The shaft of a pump starts from rest and has an angular acceleration of 2.00 rad/s2 for 15.0 s.
(a) At the end of this interval, what is the shaft's angular speed?
(b) What is the angle through which the shaft has turned?
2006-11-13 03:39:29 · 2 answers · asked by Alan l 1 in Science & Mathematics ➔ Physics
(a) too trivial to answer
(b) Take the average speed times the number of seconds over which it had that average speed.
2006-11-13 03:54:14 · answer #1 · answered by actuator 5 · 0⤊ 0⤋
a) w = aa t; where w = angular velocity (rad/sec), aa = angular acceleration (2 rad/sec^2), and t = time interval of acceleration (15 sec).
b) W = avg(w) t; where avg(w) = w/t; where W = the angle (rad) the shaft moved at avg(w) average angular velocity over the period (t).
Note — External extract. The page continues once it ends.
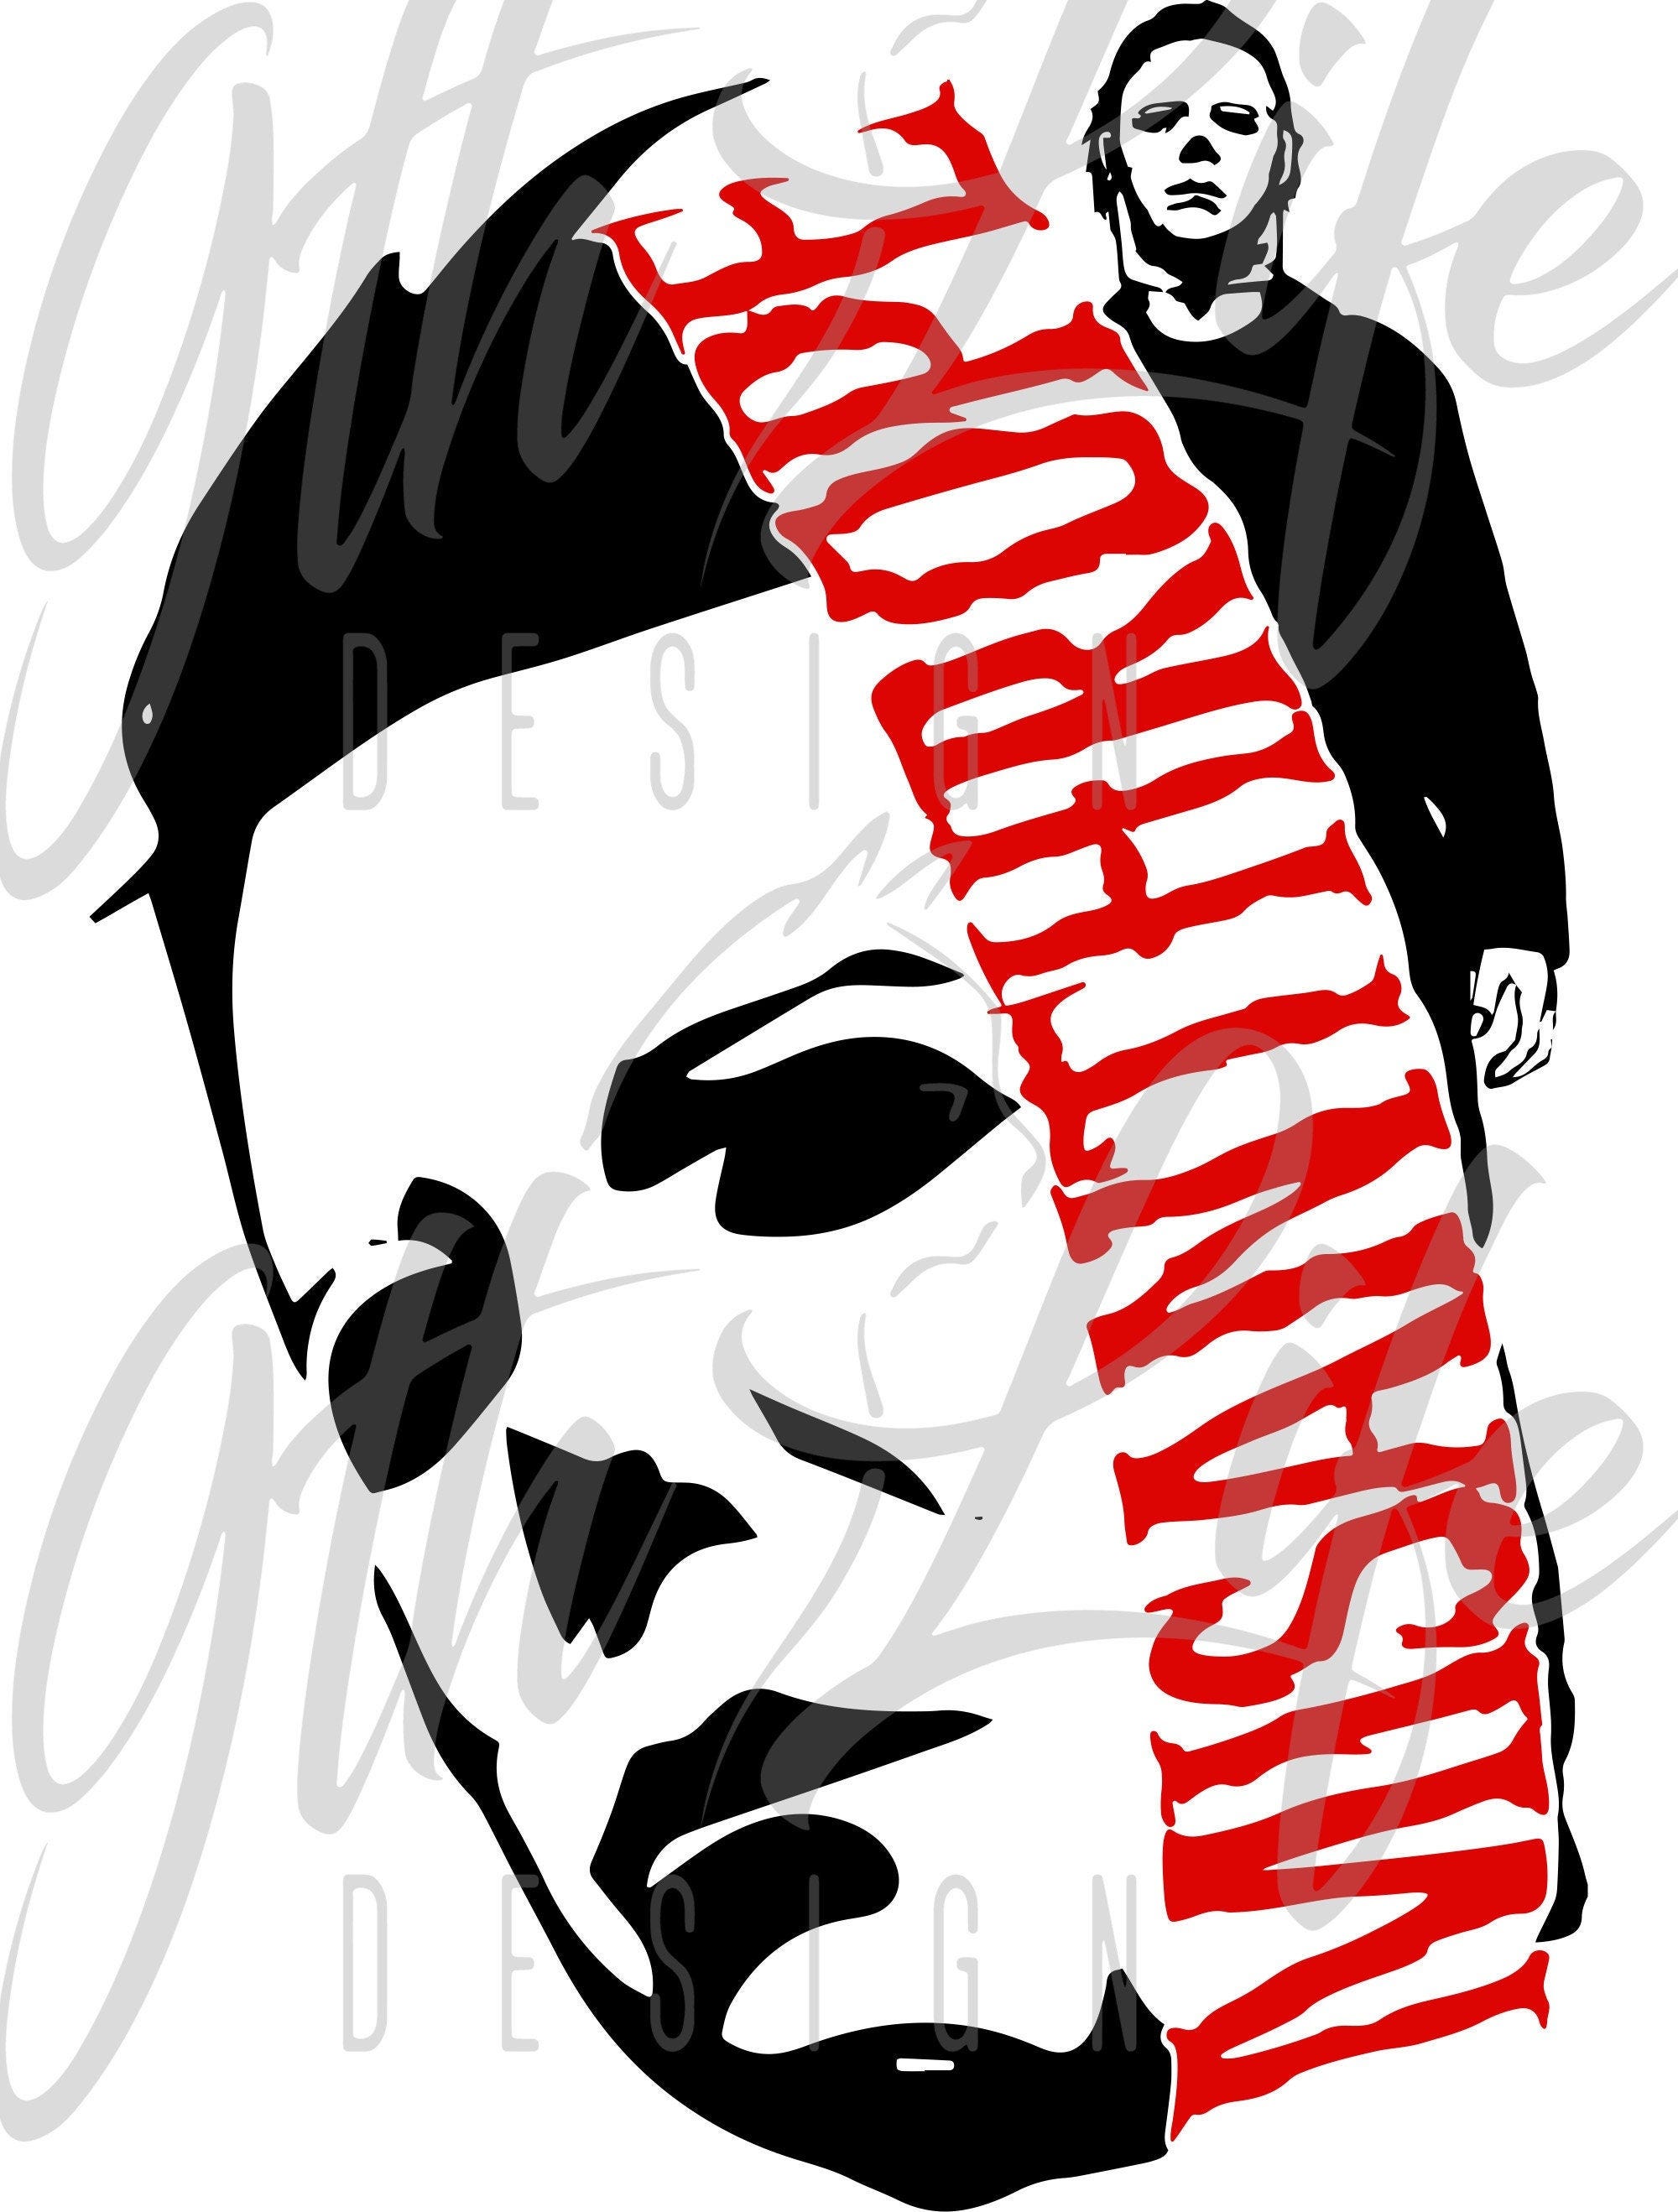 Misanthrope Michael Myers Halloween Killer Scary Horror Movie png svg jpg psd Vector Decal Sticker Mug Tshirt

In terms of a circle a radian (rad) can be seen as the ratio of the length of the arc subtended by two radii to the radius of the circle. If L = C = 2 pi R; where L is the length of arc equal to the circumference (C) of the circle, then rad = C/R = 2 pi R/R by definition; so that rad = 2 pi which is equivalent to 360 degrees.
With the equations and rad definition, you can do the math.
2006-11-13 04:19:43 · answer #2 · answered by oldprof 7 · 0⤊ 0⤋